A guerra entre Irã, EUA e Israel continua se intensificando e já deixou cerca de 2 mil mortos, principalmente iranianos e libaneses. Os ataques aéreos liderados por EUA e Israel seguem atingindo alvos no Irã, enquanto Teerã responde com mísseis, drones e ações contra navios no Golfo Pérsico, ampliando a instabilidade no Oriente Médio e pressionando os mercados de energia.

Nesta quarta-feira (11), três embarcações mercantes foram atingidas na região. A Guarda Revolucionária do Irã afirmou que abriu fogo contra navios que teriam desobedecido suas ordens. Desde o início do conflito, 14 navios comerciais já foram danificados.

O confronto também afeta o mercado global. O preço do petróleo, que chegou perto de US$ 120 por barril, voltou a subir com o temor de interrupção no fornecimento, especialmente porque o Estreito de Ormuz, por onde passa cerca de um quinto do petróleo mundial, permanece bloqueado. Diante da crise, a Agência Internacional de Energia recomendou a liberação de 400 milhões de barris das reservas estratégicas globais, na maior intervenção já proposta para tentar estabilizar os preços.

Nos Estados Unidos, Donald Trump afirmou que as forças americanas destruíram 28 navios iranianos capazes de lançar minas e indicou que o conflito pode não durar muito mais tempo, dizendo que "não há praticamente mais nada" para atingir no Irã.

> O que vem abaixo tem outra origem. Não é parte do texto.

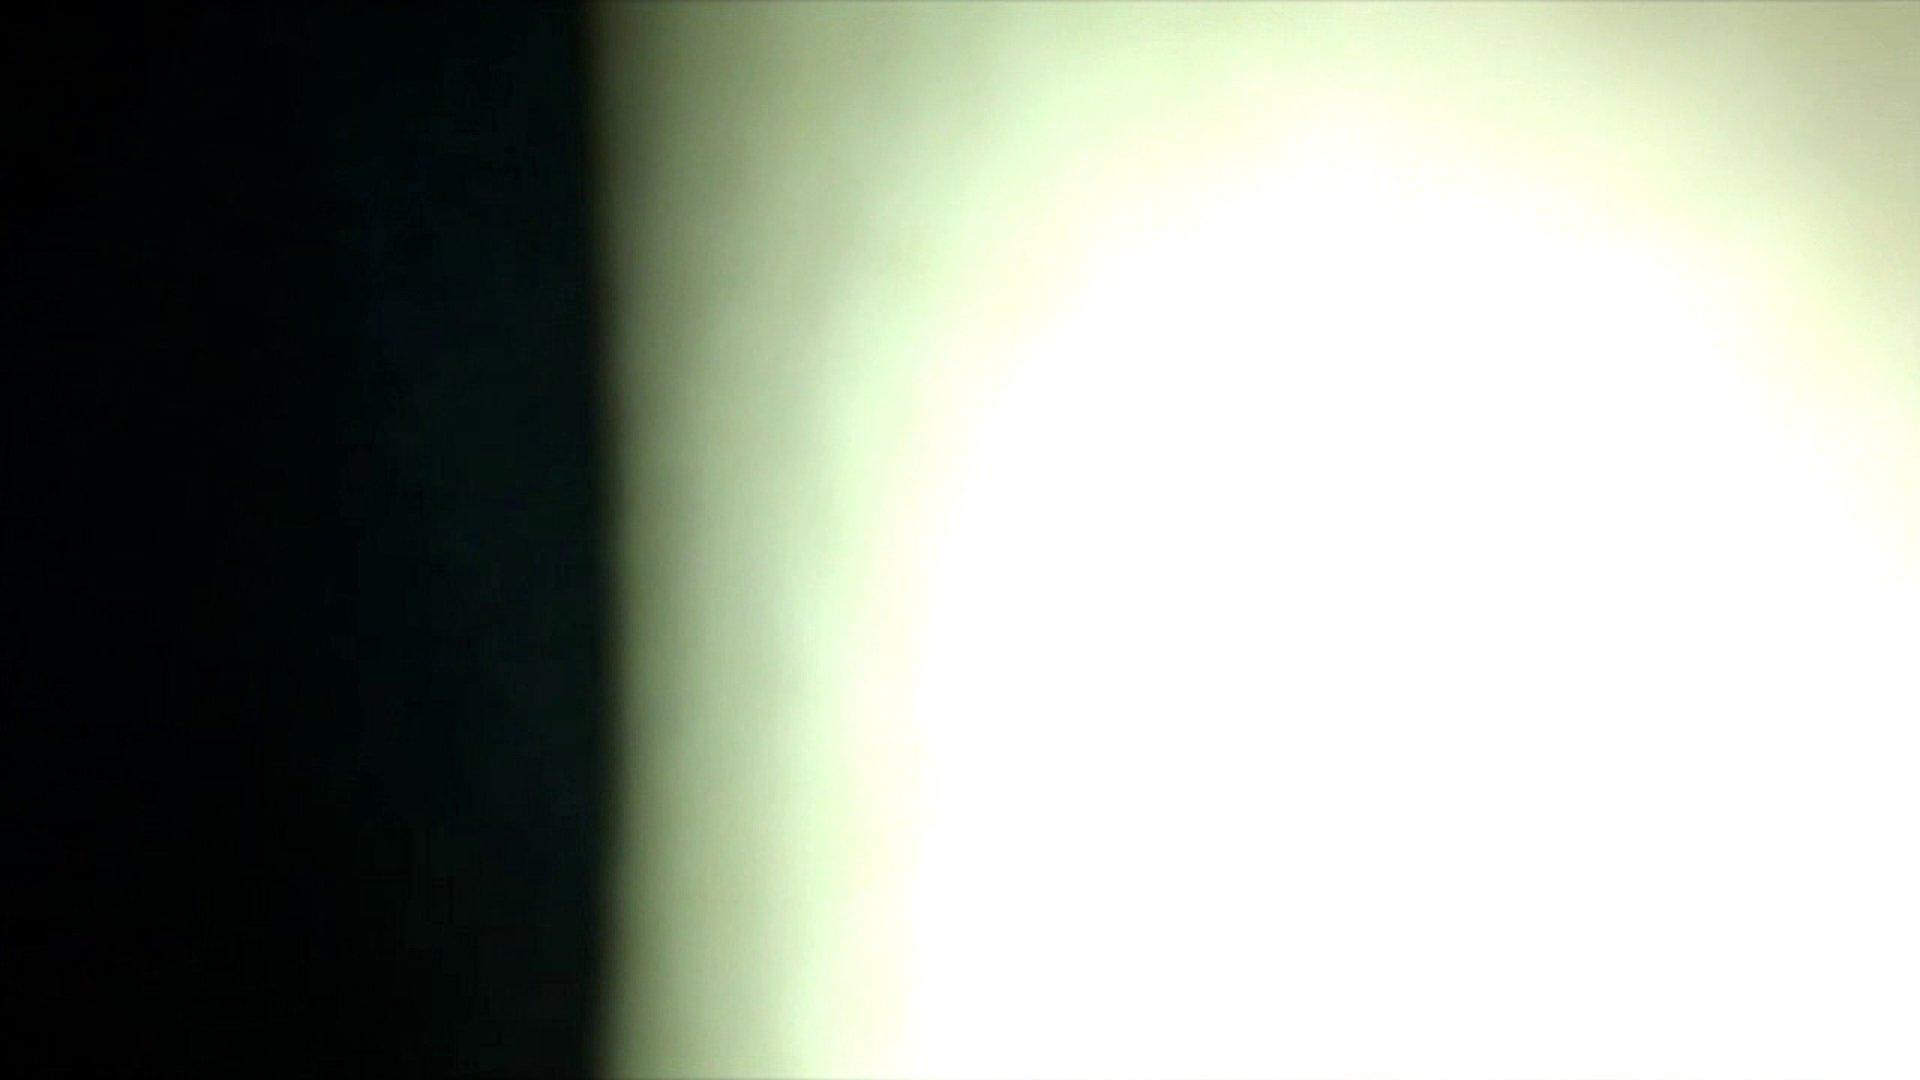 vol.22 【YHちゃん】パルコ店員20歳 mixiオフ会で イタズラ オメコ動画キャプチャ 64連発 5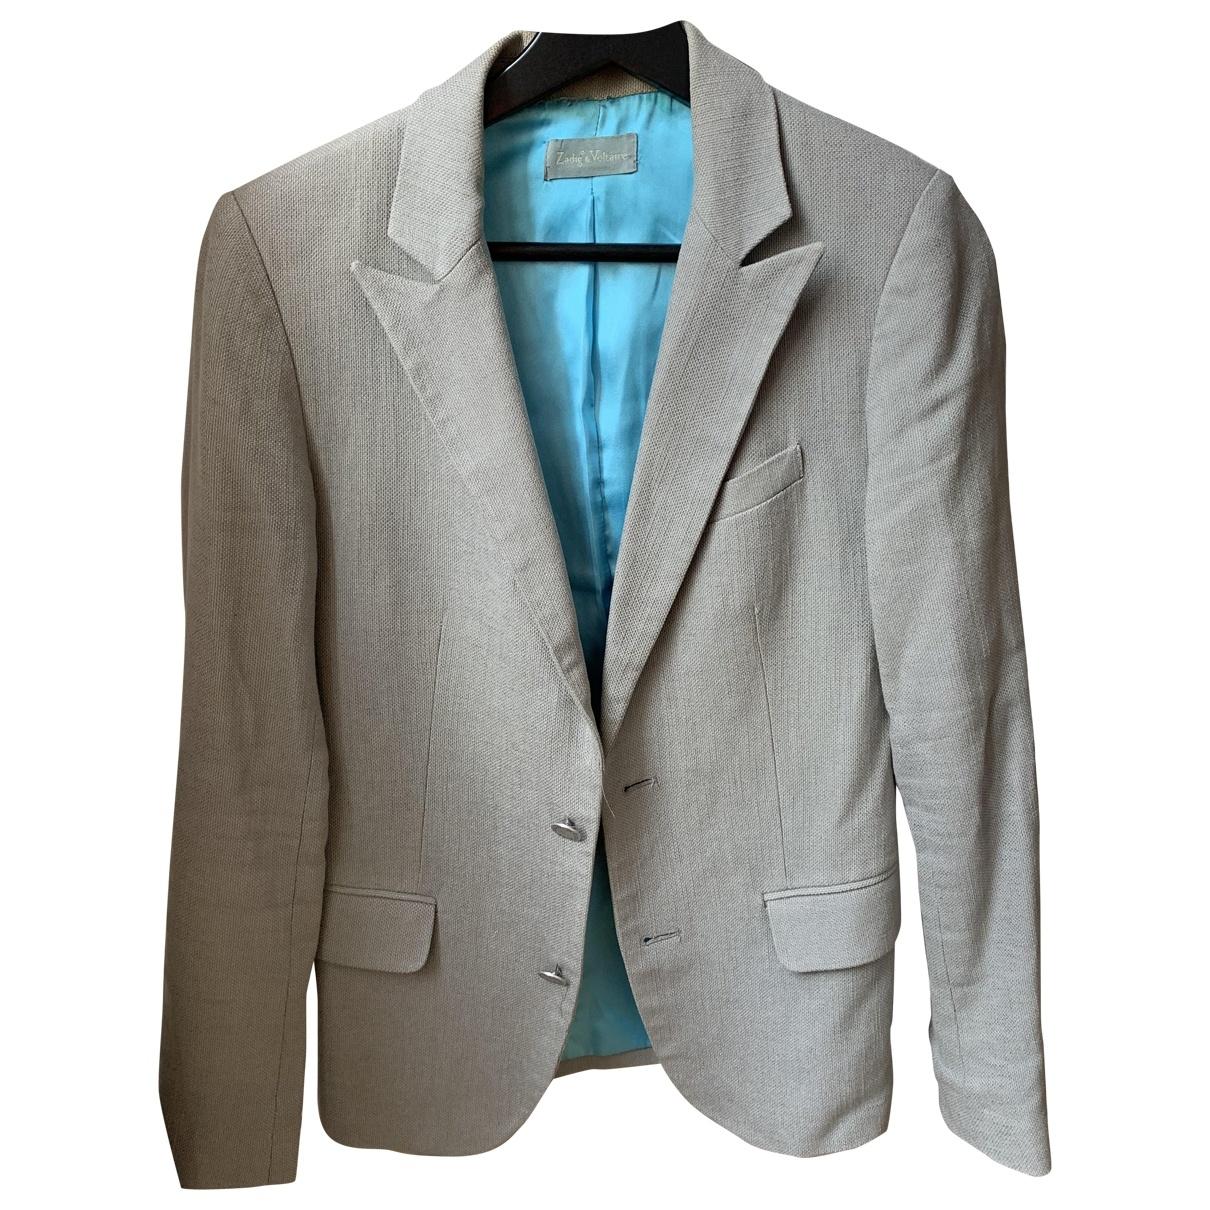 Zadig & Voltaire \N Grey Cotton jacket for Women S International

Apesar disso, autoridades israelenses afirmam que ainda há uma lista extensa de alvos, incluindo mísseis balísticos e instalações ligadas ao programa nuclear iraniano. O ministro da Defesa de Israel declarou que a operação militar continuará "sem limite de tempo".

O Irã, por sua vez, indicou que pretende prolongar a pressão econômica e militar sobre os adversários. O porta-voz do comando militar iraniano afirmou: "Preparem-se para que o petróleo chegue a US$200 o barril, porque o preço do petróleo depende da segurança regional, que foi desestabilizada por vocês".

Enquanto isso, ataques e tensões continuam a se espalhar pela região, com alertas de possíveis ataques contra infraestrutura energética e alvos ligados aos EUA no Oriente Médio. Nos mercados globais, o cenário de guerra prolongada mantém investidores em alerta e aumenta o risco de um novo choque do petróleo semelhante ao dos anos 1970.